なみえアート!第5弾は「のれん」 色彩あふれる祭礼の思い出

 
「藤橋不動尊の不動市」と「豊かな食文化への誇り」をテーマにしたアートのれんと関係者

 浪江町各地に絵画のアート作品を飾り、浪江の記憶と未来をつなぐ「なみえアートプロジェクト『なみえの記憶・なみえの未来』」の第5弾作品が28日、同町藤橋のhaccoba(ハッコウバ)浪江醸造所に掲示された。

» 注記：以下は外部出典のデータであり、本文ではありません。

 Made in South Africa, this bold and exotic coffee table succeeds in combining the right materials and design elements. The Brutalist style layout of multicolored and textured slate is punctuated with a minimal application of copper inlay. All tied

今回は二つの作品をアートのれんに仕上げており、現地で行われたお披露目式で関係者が完成を祝った。

 同プロジェクトは一般社団法人NoMAラボ(南相馬市)が、知的障害があるアーティストの作品を手がけるヘラルボニー(岩手県)と協力して展開している。今回は「藤橋不動尊の不動市」と「豊かな食文化への誇り」をテーマとした。不動市は同町藤橋地区で行われていた春の風物詩で、にぎやかな祭礼の思い出を色彩あふれるアートで表現している。

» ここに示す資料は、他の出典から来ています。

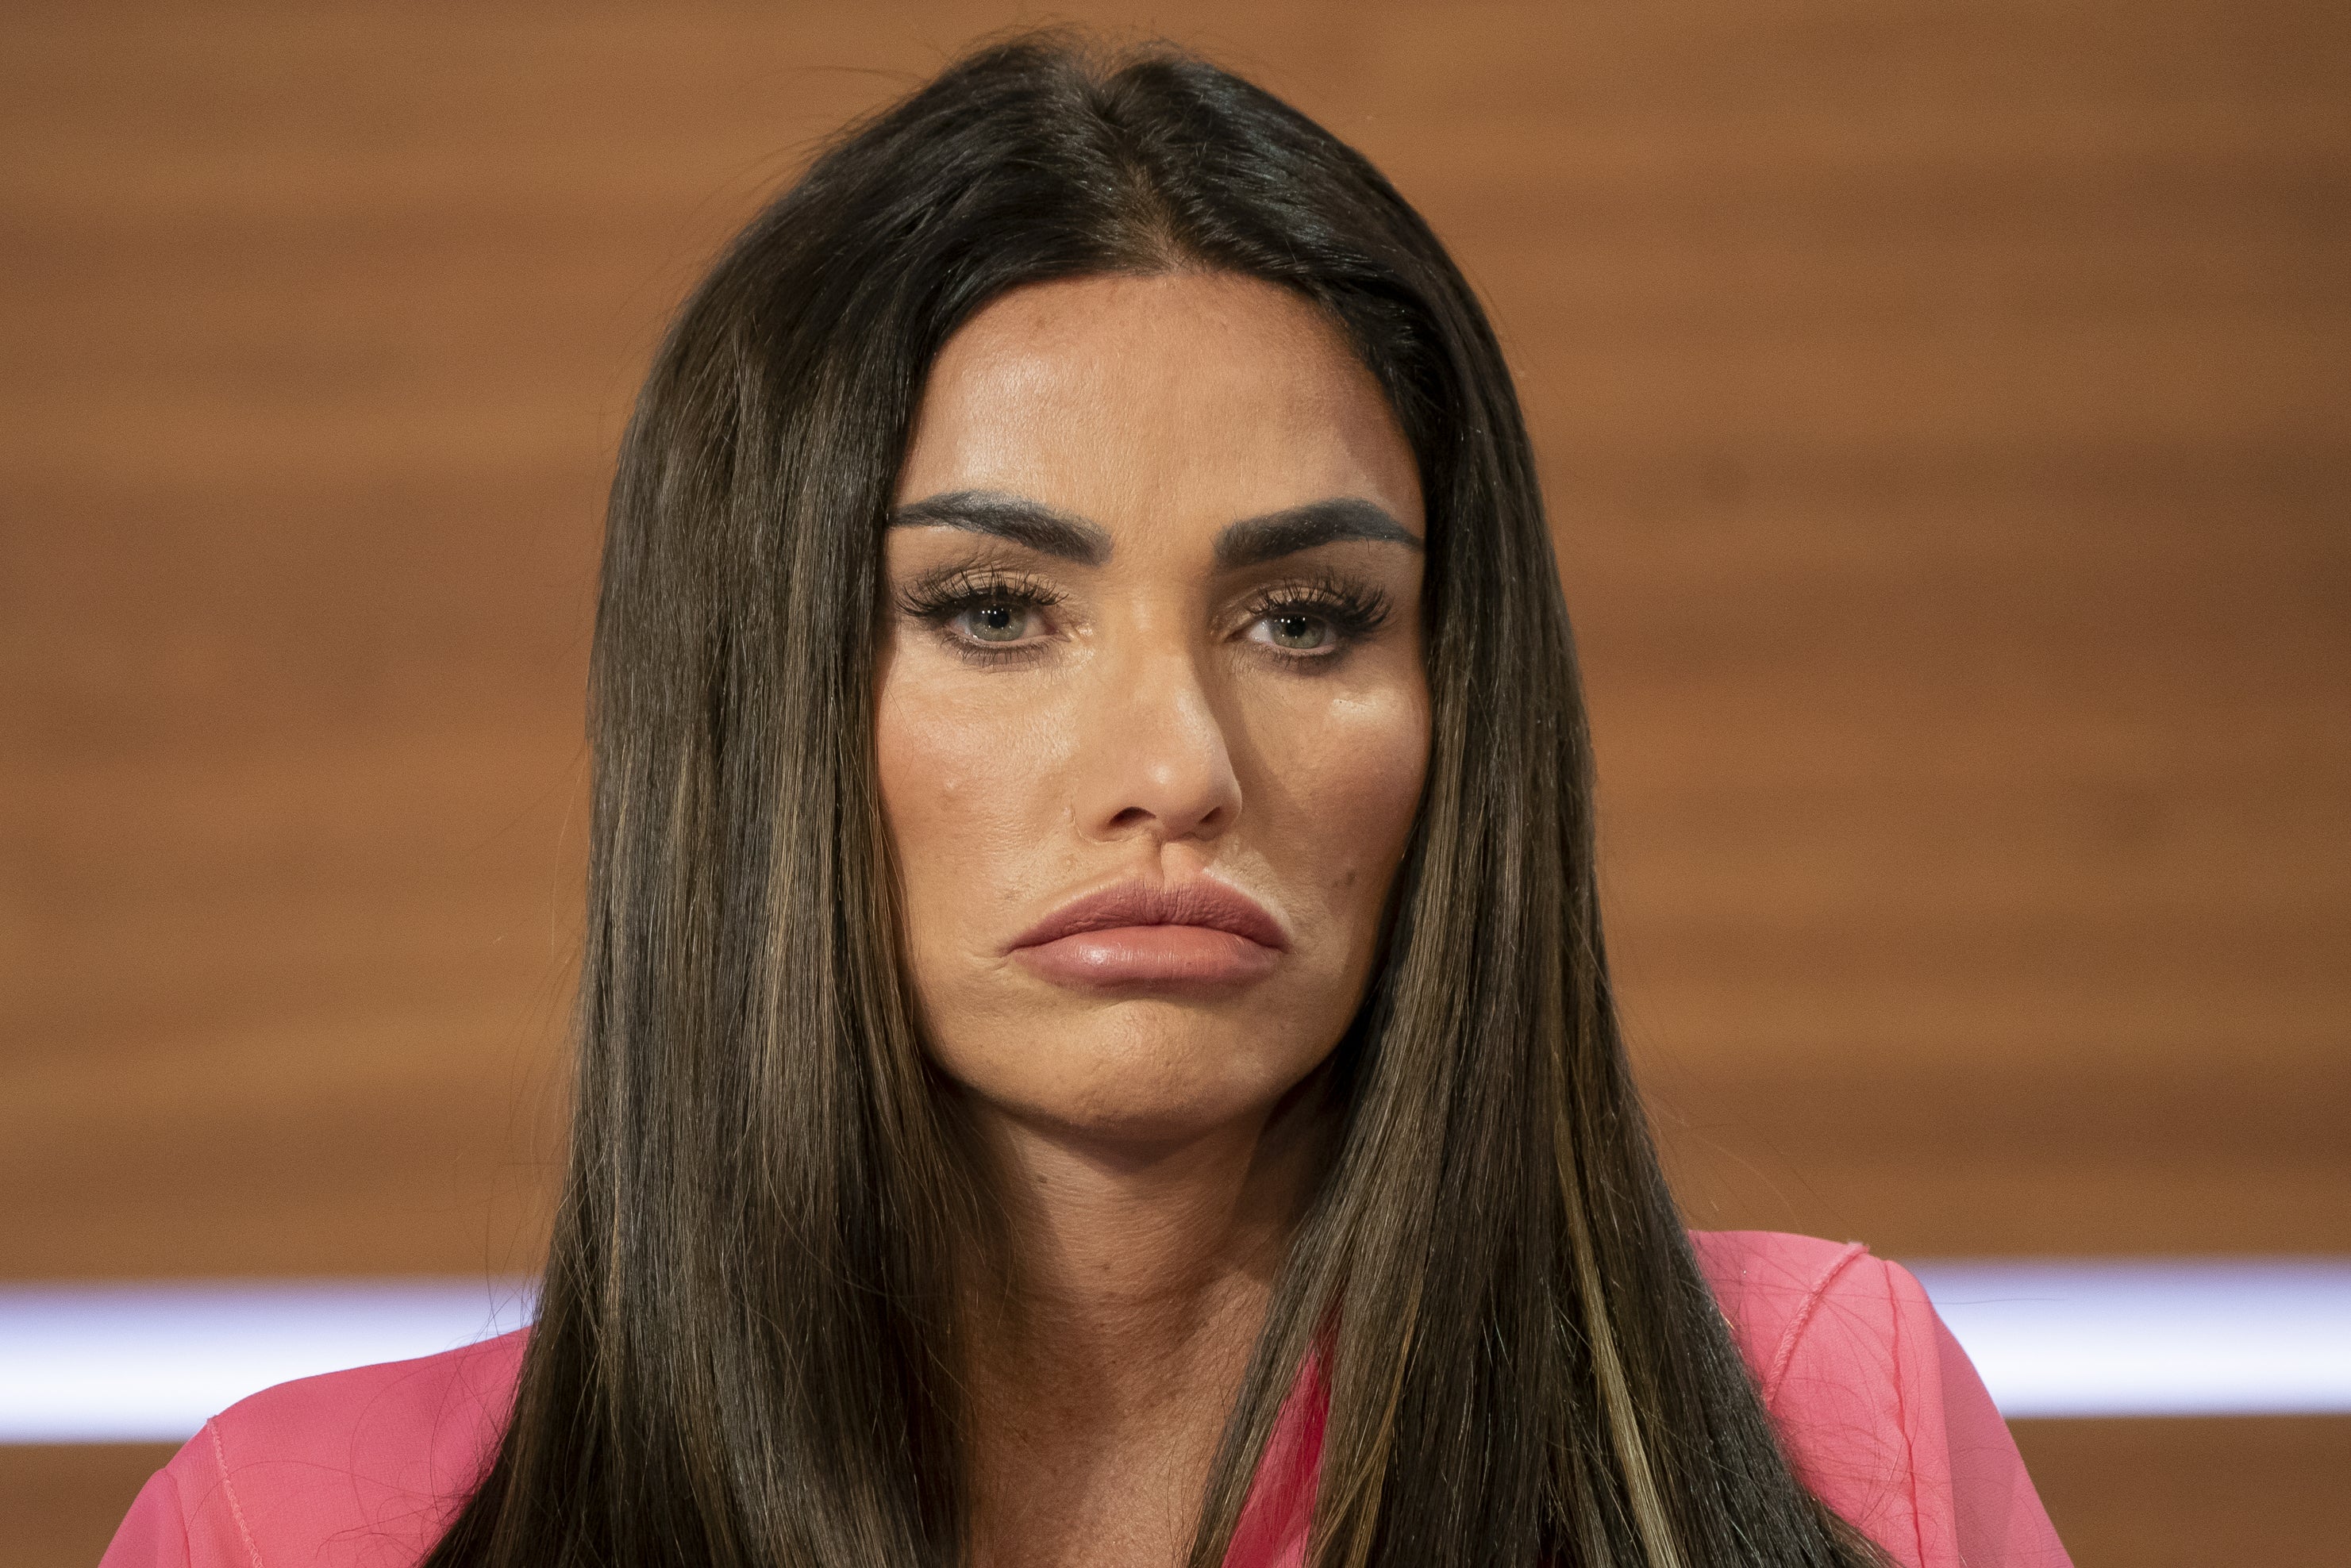 Katie Price said she wants to educate young women about how “damaging” plastic surgery can be to the body

 掲示場所の醸造所は、南相馬市小高区を中心に新しいジャンルの酒「クラフトサケ」を製造しているハッコウバの浪江町での製造拠点で、作品に描かれた風景が再び実現する思いを込めてのれんに掲げた。「豊かな食文化への誇り」は、多様な食文化をちりばめた水玉で表現しており、ハッコウバはこの作品をイメージしたクラフト酒「Fuuu!do(フード)」を醸造した。

 フードはホエイをコメと発酵させた酒で、ヨーグルトのような爽やかな甘酸っぱさが特徴の仕上がりとなった。500ミリリットルの単品で2860円、「豊かな食文化への誇り」をデザインしたアートハンカチとのセットは4620円で販売している。